Deal Pack Blog
What is an adverse action letter, and when should it be sent?
Auto dealers are subject to the requirements of both the Equal Credit Opportunity Act (ECOA) and the Fair Credit Reporting Act (FCRA). Both laws share the same intent: to protect the consumer. The ECOA’s purpose is to ensure that any entity that extends credit does so “with fairness, impartiality, and without discrimination.” The purpose of the FCRA is to ensure “accuracy and fairness of credit reporting.” Both the ECOA and the FCRA require creditors to send adverse action notices in certain circumstances.
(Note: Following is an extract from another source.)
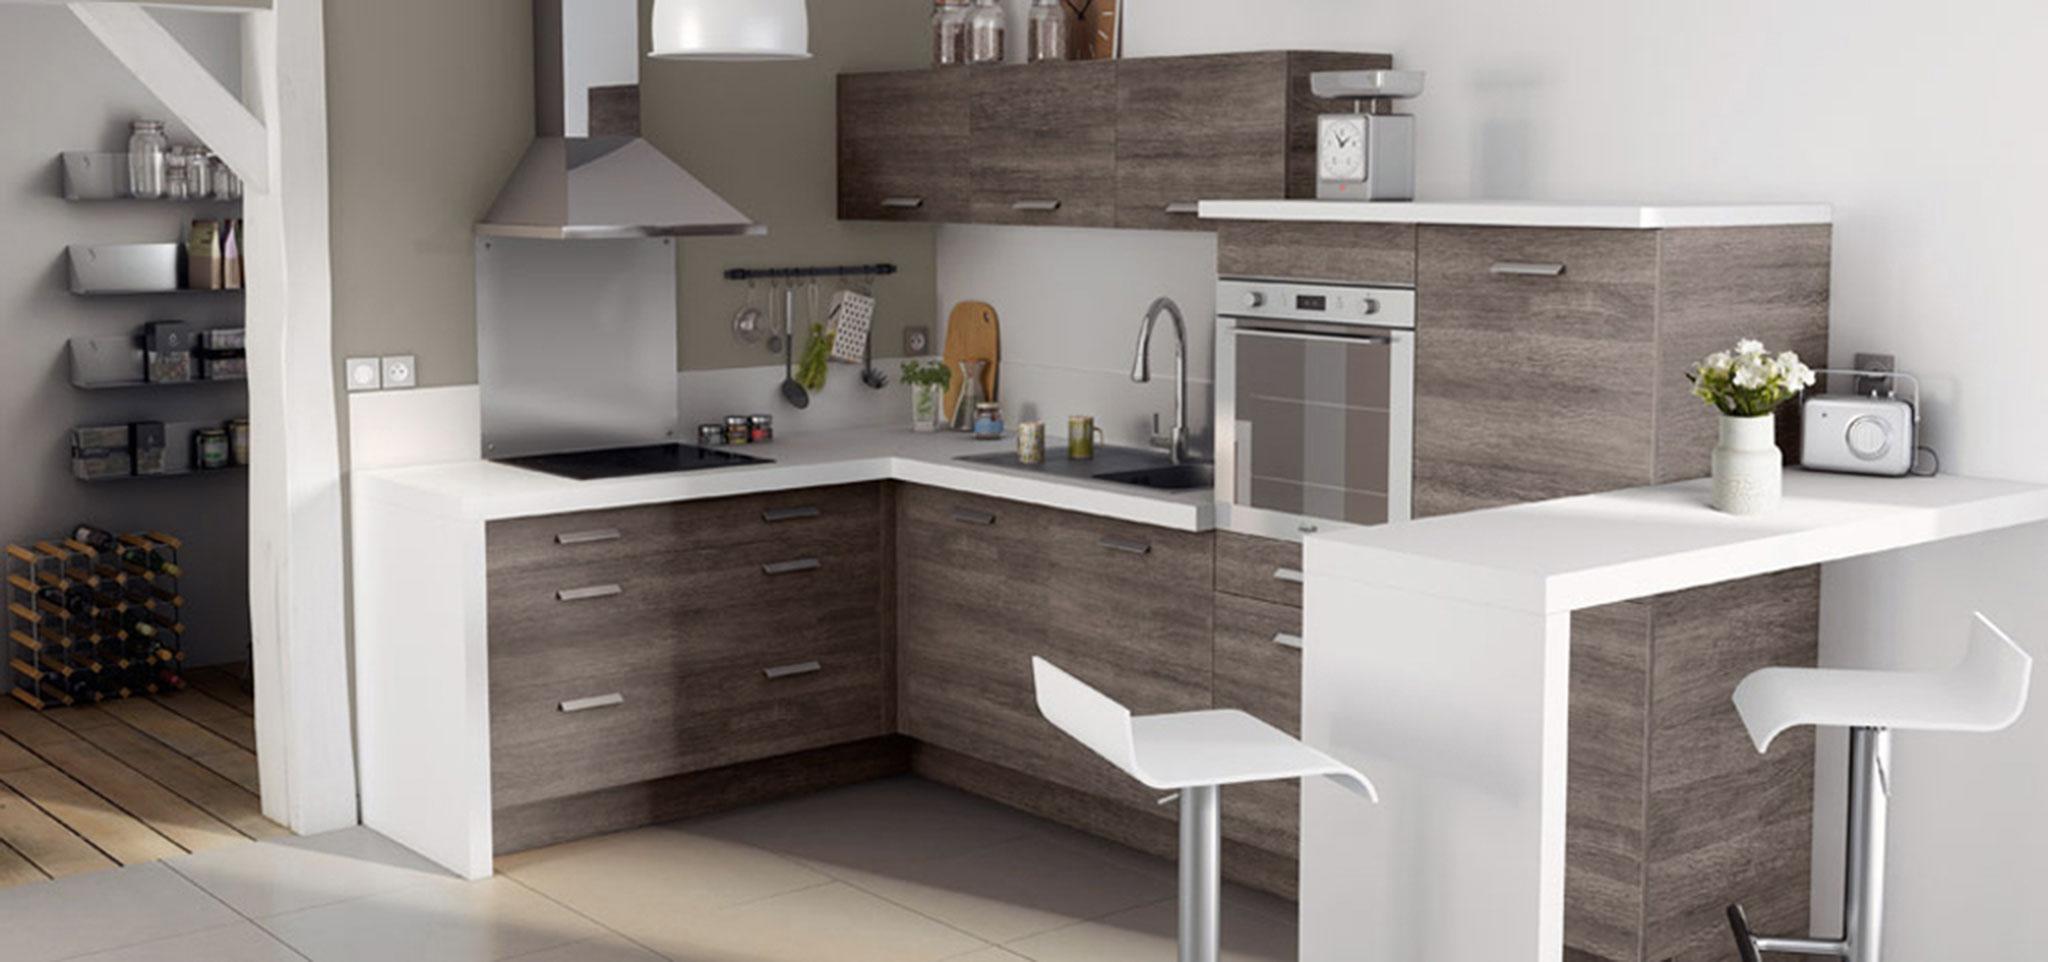 porte de cuisine am nag e mobilier design d coration d 39 int rieur. Black Bedroom Furniture Sets. Home Design Ideas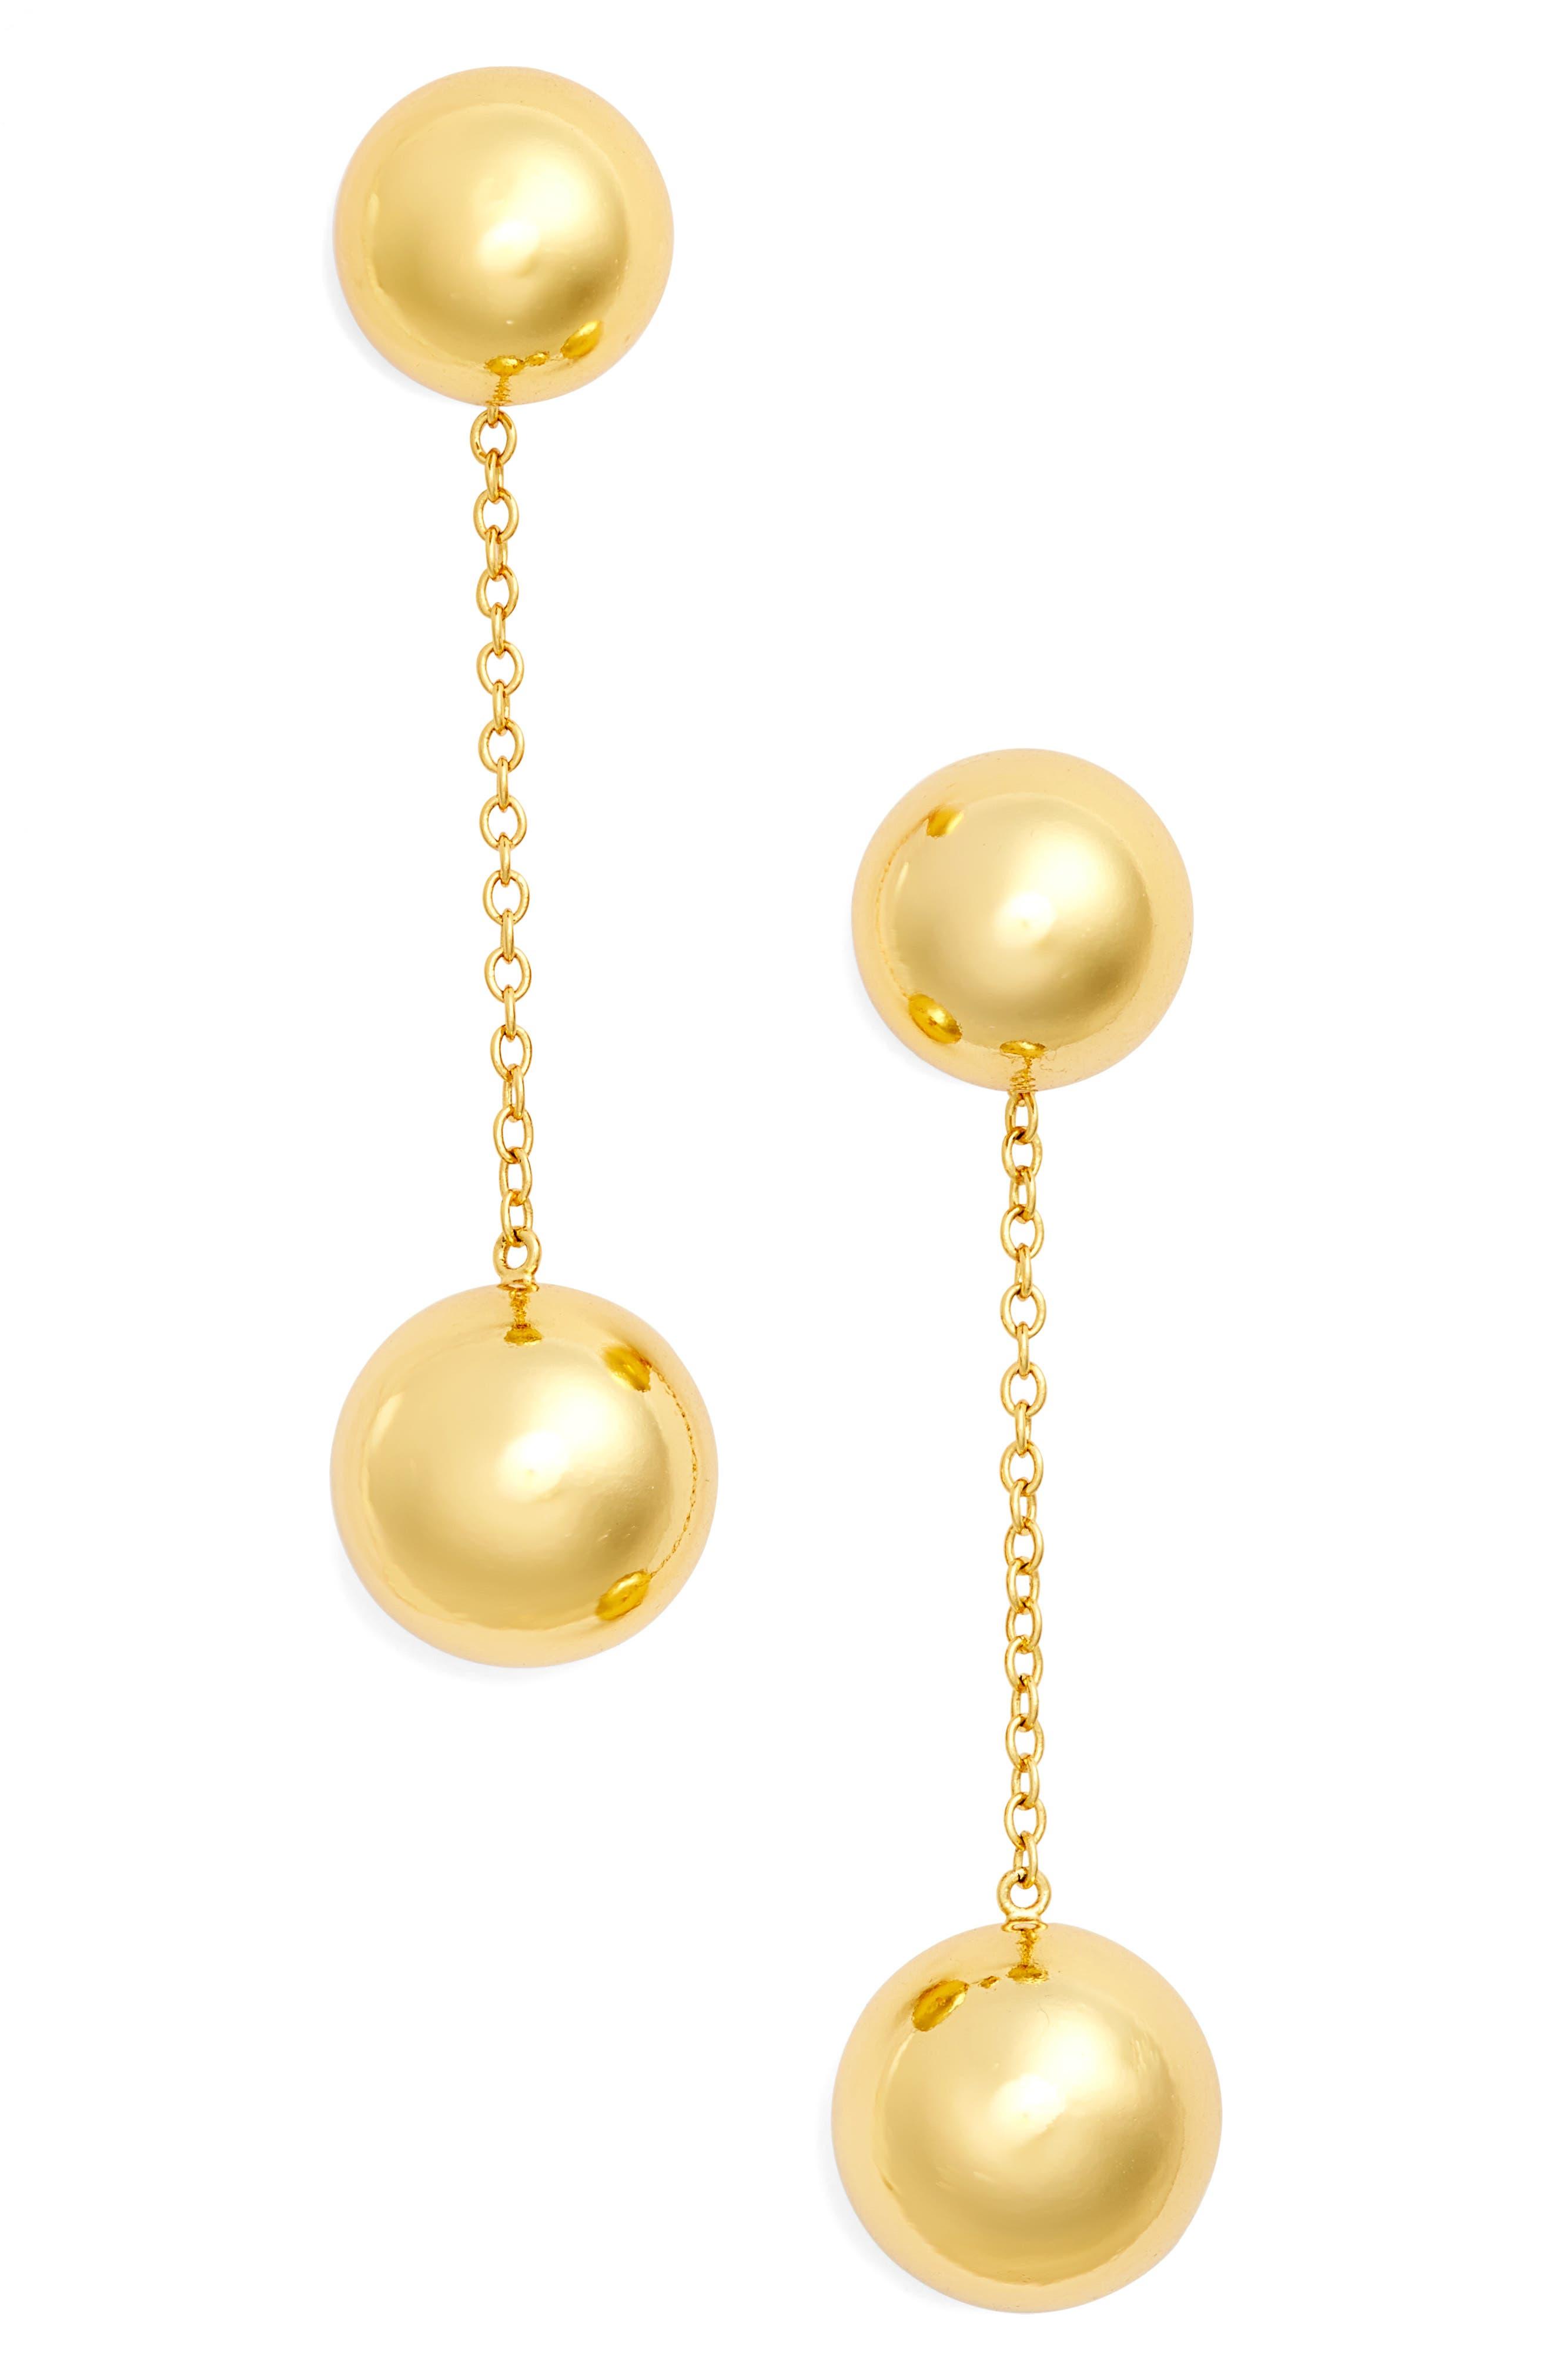 Newport Drop Earrings,                             Main thumbnail 1, color,                             Gold

Adverse action is defined in the ECOA as “a refusal to grant credit in substantially the amount or on substantially the terms requested.” The FCRA incorporates that same definition when applied to a credit transaction. The difference with the application of the FCRA’s requirements is that the denial of credit is based upon information in a report from a credit reporting agency (CRA) or information obtained from a third party other than a CRA. Contrary to what some dealers believe, adverse action obligations may exist even if a customer’s credit report is never pulled. Adverse action includes more than just a simple denial of credit. If the creditor makes a counteroffer to extend credit under different terms or in a different amount than what was initially requested and the customer refuses those conditions, this is also adverse action.
The ECOA defines “creditor” as “any person who regularly extends, renews, or continues credit; any person who regularly arranges for the extension, renewal, or continuation of credit; or any assignee of an original creditor who participates in the decision to extend, renew, or continue credit.” The FCRA adopts that definition as well.
Auto dealers should always send adverse action notices when faced with the following situations: 1) the customer submits a credit application, but the dealer does not send it to a bank or finance company; 2) the customer cannot be financed because no finance source approves the deal on terms acceptable to the dealership or 3) the customer does not accept or use the credit offered.